特別消禍隊 華の第七
備悟の涙の祝詞が響いた直後、カグヤは静かに扇を閉じ、再び口を開いた。
「念のため伝えておくが――」
白髪の花魁は、神の声のような静けさで告げる。
「バベル王国では、特級能力者は他国に出られぬという理がある。ゆえに、トビと生きていくと決めれば、主もミカド皇国には一歩たりとも戻れぬえ」
麟五の胸がひりついた。
飛梅は知らぬうちに、その鎖に繋がれたということか。
しかし、カグヤは続けた。
「逆に、ミカドからこちらへ来ることはできる。領も拓いたため、観光なら最大一年、政務・学術・商業であれば延長もできよう」
それを聞いて、麟五の胸に救いが落ちた。
飛梅は家族に会えなくなるわけではない。
危険を犯して兄を取り戻そうとしたあの家族想いの少女に、未来がまだ残されていたことへ胸がじんわりほどけていく。
だが次の瞬間。
(……俺は、特別消禍隊だ)
その現実が、容赦なく胸に突き刺さる。
闇ワクチンが普及するまで、屍人の脅威は決して消えない。
そんな時期に、自分だけ離れてよいのか?
麟五は答えを求めるようにプロジェクターの向こうを見た。
山本総局長。
百目頭目西門。
ふたりは――なぜか笑って、視線を横へずらした。
ヌッ!と現れたのは、神保兄弟の父、ガンズであった。
小石川療養所にいるはずの男は、ベッドの上で着ていた黒い浴衣姿のまま。
しかし仁王と呼ばれる双子が小さく見えるほどの巨躯には、画面越しでもわかるほどの覇気が漲っていた。
「ありがとうよ、リンゴ君!」
意外なほど、柔らかい笑み。
だがその背筋は、復活した烈火の不動明王そのものだった。
「お前らのおかげで、すっかり全開したんでな! このままじゃ体力が有り余る無職中年で、シノさんに嫌われちまう」
にかっと笑うその姿に、かつての歴戦で前線を駆けた将の光が甦っていた。
「ーー華の第七は返してもらっていいか?」
その瞬間、麟五の胸で張りつめていたものがふっと軽くほどけた。
(……ガンズ隊長が戻るなら、問題ない)
深川殲滅戦の頃とは組織体制も違う。
第七局に彼が戻ったなら――それはミカドにとって、何よりの僥倖だろう。
山本総局長が画面の奥で腕を組み、低く言う。
「二十四時間の猶予の間、そこにいるお前さんの元部下を貸そう。
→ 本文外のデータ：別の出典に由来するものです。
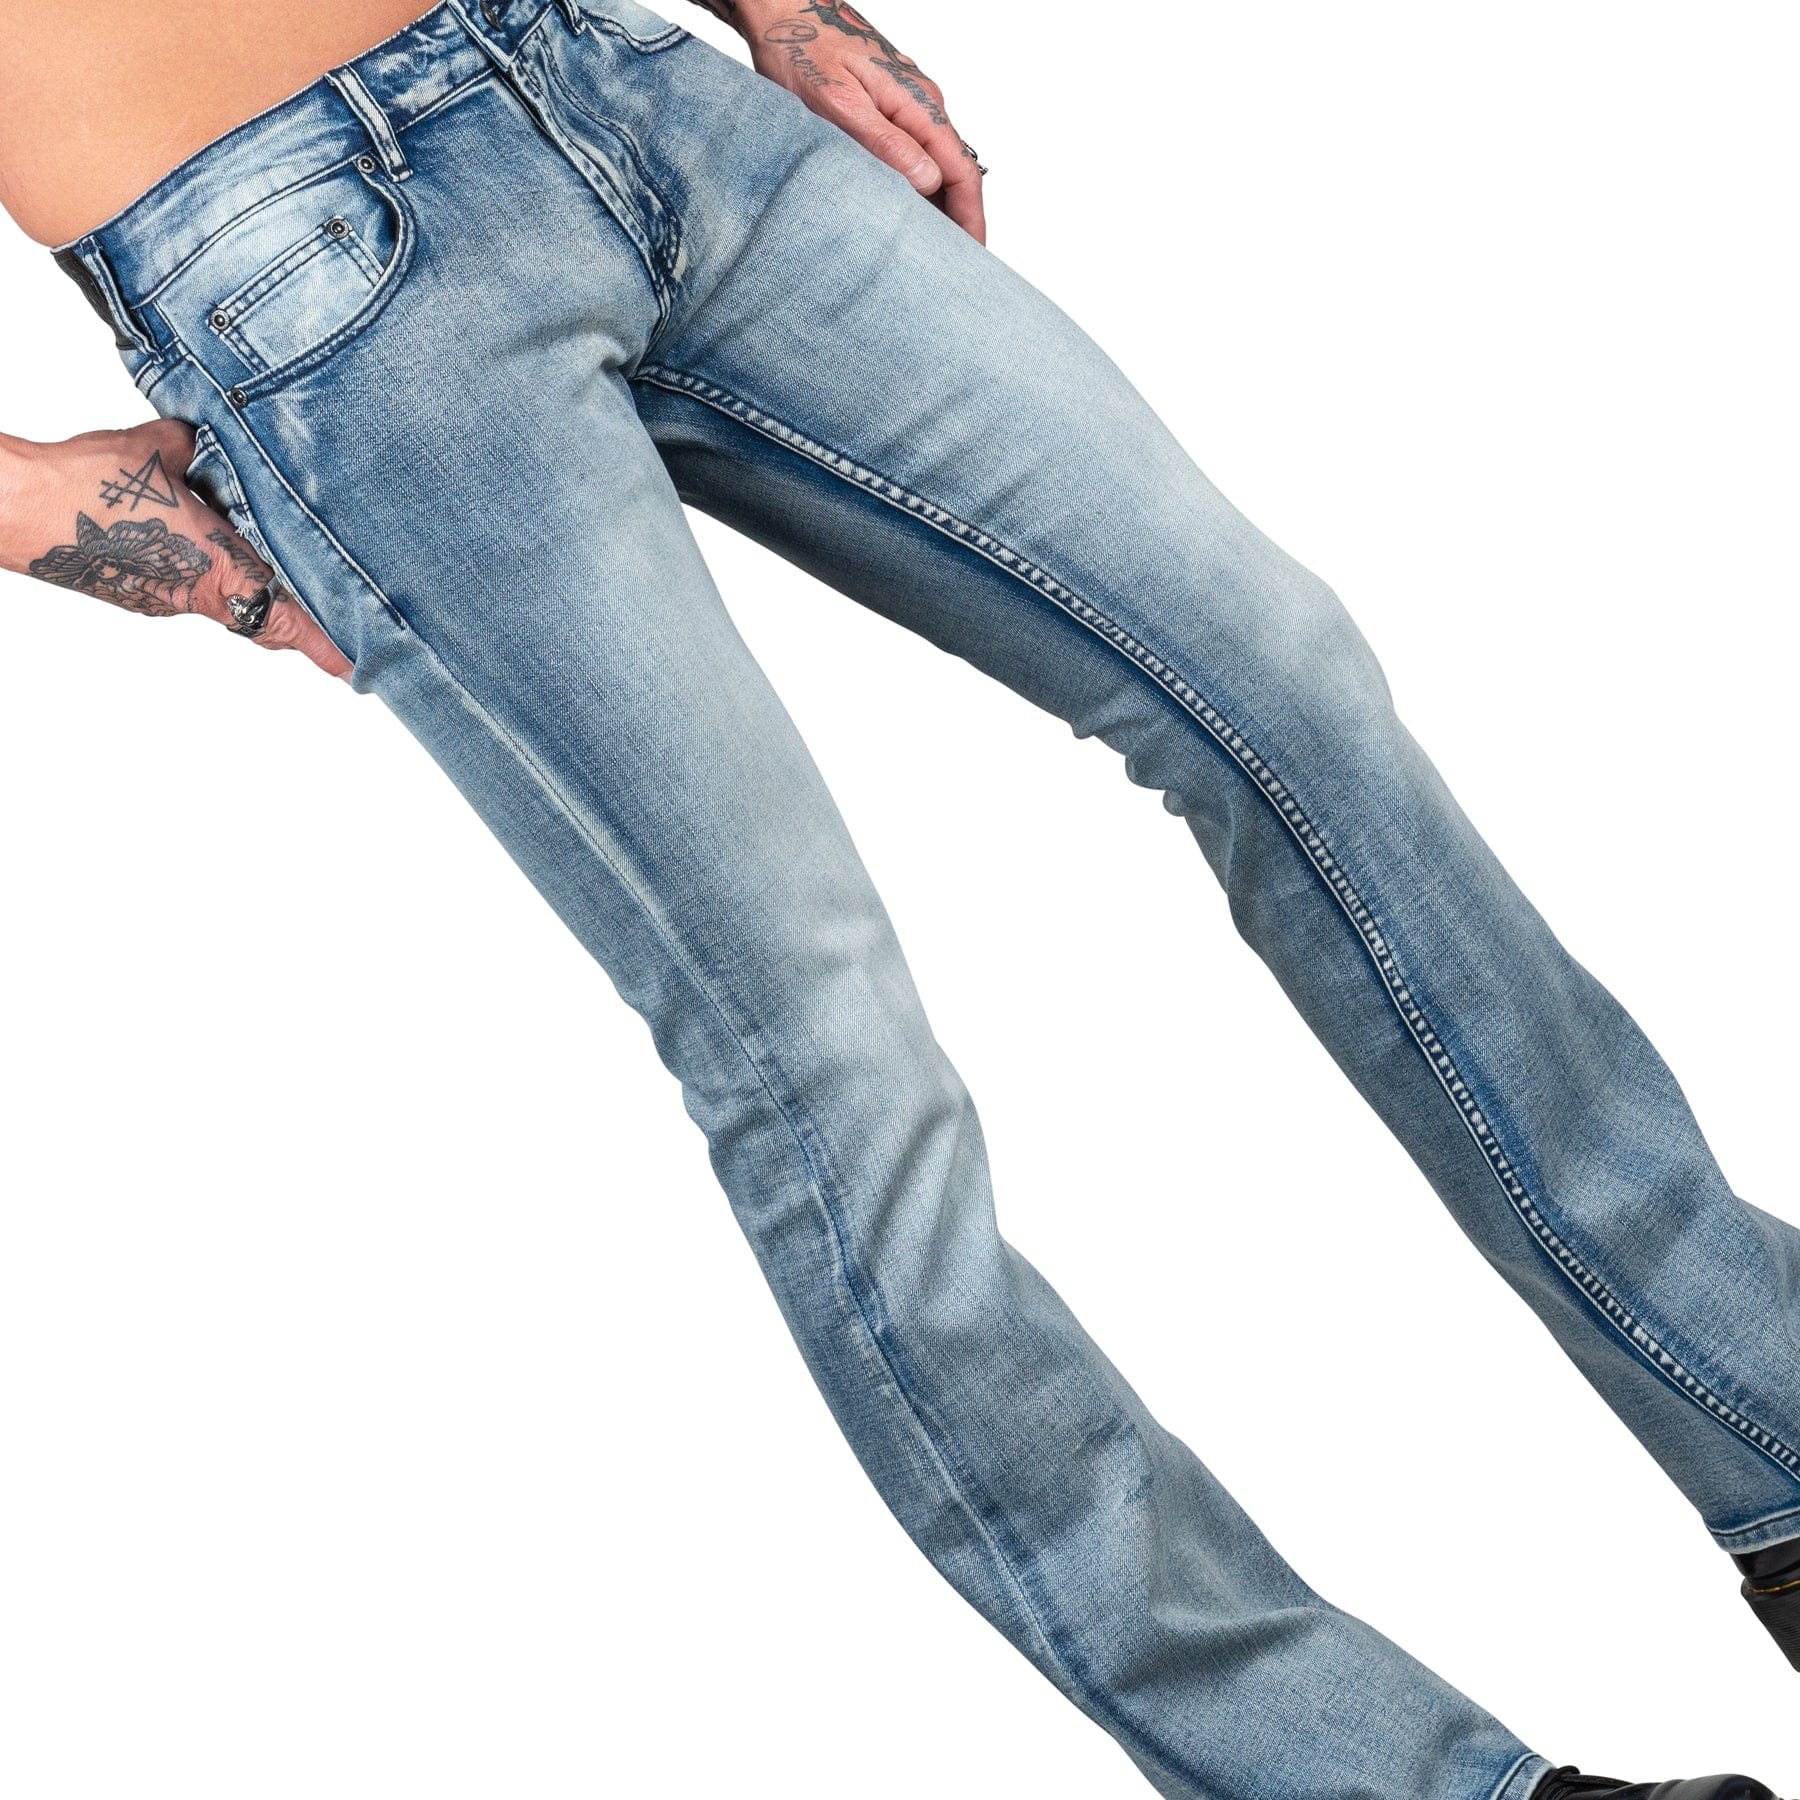 Wornstar Clothing Mens Jeans Hellraiser Denim Pants - Classic Blue

元部下、だ。今はもう、ガンちゃんの部下だからな」
南海達がびくりと背筋を伸ばす。
「闇属性能力者の索敵が狂う場所じゃ。闇魔素に頼らぬミカドの能力者の方が動きやすいだろう」
そしてガンズが釘を刺すように、しかし温度のある声で続けた。
「貸すだけだぞ。皆を必ず返せ。南海とテッサを隊に、そして烈と剛をシノさんの元へ返さねば、俺がお前を全力で殺す」
そこには隊の父としての温かさと、国の未来を託す覚悟が宿っていた。
そこまで聞いて、麟五の胸に湧いたのは安堵と責務だった。
国は自分がいなくても回る。
代わりに立つ者たちがいる。
「全力ださずに、何が特別消禍隊だ! 全力で行けよ!」
ガンズの発破が背中を押す。
麟五の選択の時は、もう目の前にあった。